The agency further refined the HMDA rule in 2017. In 2018, it issued clarifications, after Congress amended parts of HMDA, to exempt banks and credit unions that originate fewer than 500 open- or closed-end mortgages from the recently expanded data reporting requirements. Along with the clarifications, the agency signaled in 2018 it would take up another comment period and rule-making in 2019 to get input on what HMDA data will be disclosed in the future.

In March 2020, amid the early days of the COVID pandemic, the CFPB announced flexibilities to “reduce administrative burden.” It would not penalize institutions for not submitting quarterly HMDA reports, although it cautioned that institutions should still continue to collect and record HMDA data in anticipation of a return to the normal data reporting requirements.

The next month, it also set a final rule to amend Regulation C, increasing the permanent threshold for collecting and reporting data about closed-end mortgage loans from 25 to 100 loans. It made 2020 HMDA reporting optional for lenders that did not meet the 100-loan threshold in 2018 or 2019. The mortgage industry cheered those changes.

But the relationship between the mortgage industry and the CFPB has since soured.

In March, under then-acting director Dave Uejio, the agency back-tracked on its Covid flexibilities, and said it would increase its focus on enforcement. On April 1, it instructed all financial institutions to resume the quarterly HMDA reports. The first deadline arrived swiftly: May 31, just two months later, lenders’ first quarterly HMDA report was due.

The data reporting requirements also facilitate public scrutiny of mortgage lending. The Markup, an investigative news outlet, used HMDA data to show that conventional loan applicants of color were much more likely to be denied than their white counterparts.
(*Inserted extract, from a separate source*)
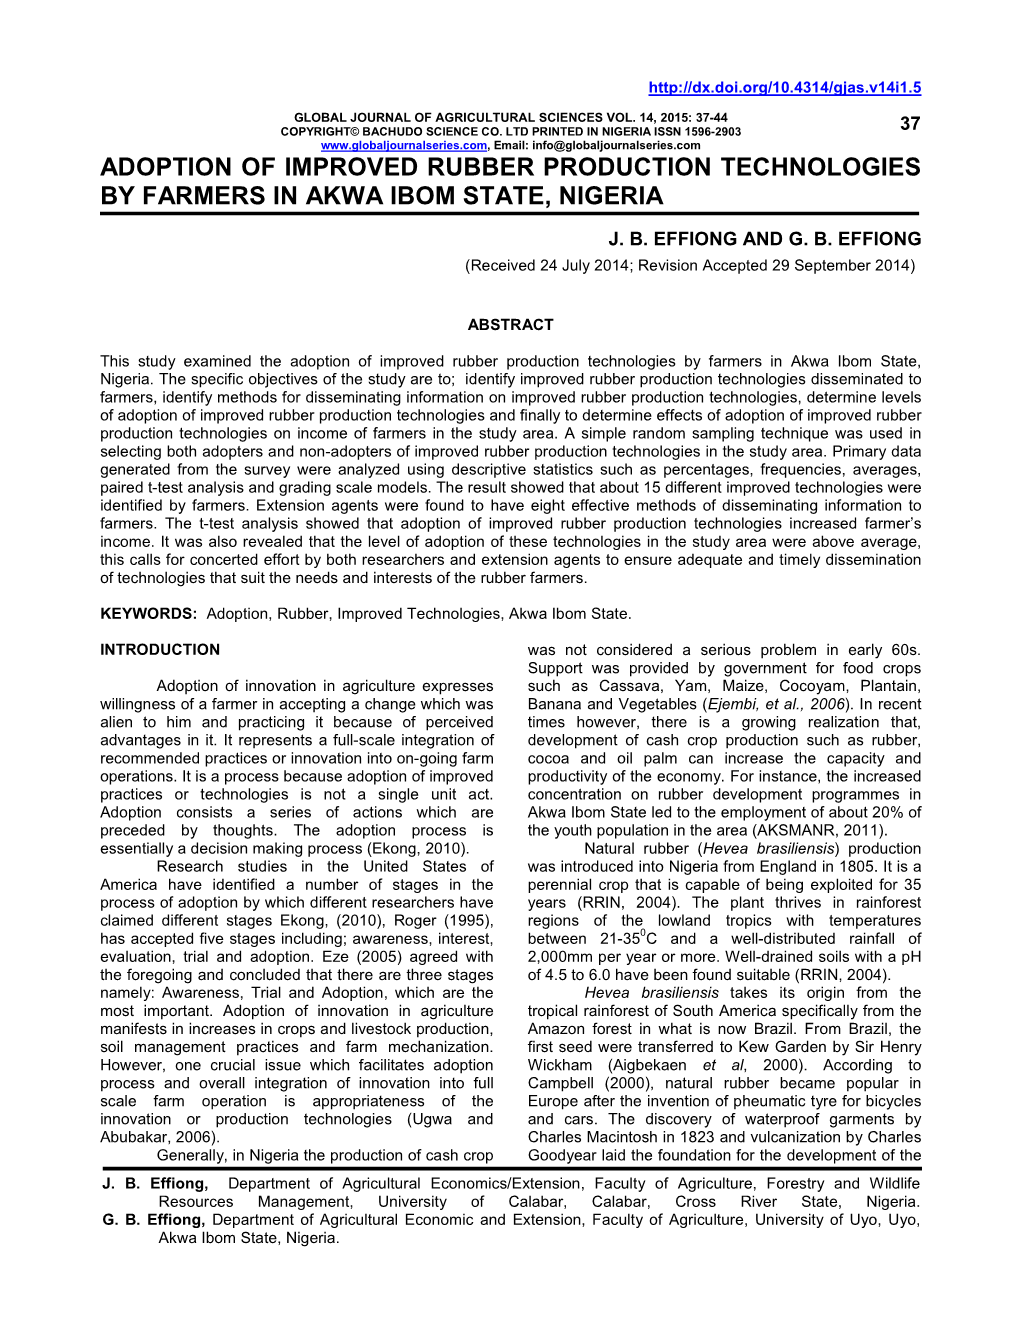 Adoption of Improved Rubber Production Technologies by Farmers in Akwa Ibom State, Nigeria

The findings got pushback from the mortgage industry, in large part because the analysis did not include credit scores, or loans backed by the Federal Housing Administration or Department of Veterans Affairs. A former Obama-era HUD official said the findings were more an indication of GSE pricing and underwriting that pushes borrowers of color to other government programs, rather than evidence of secret bias, as the article claims.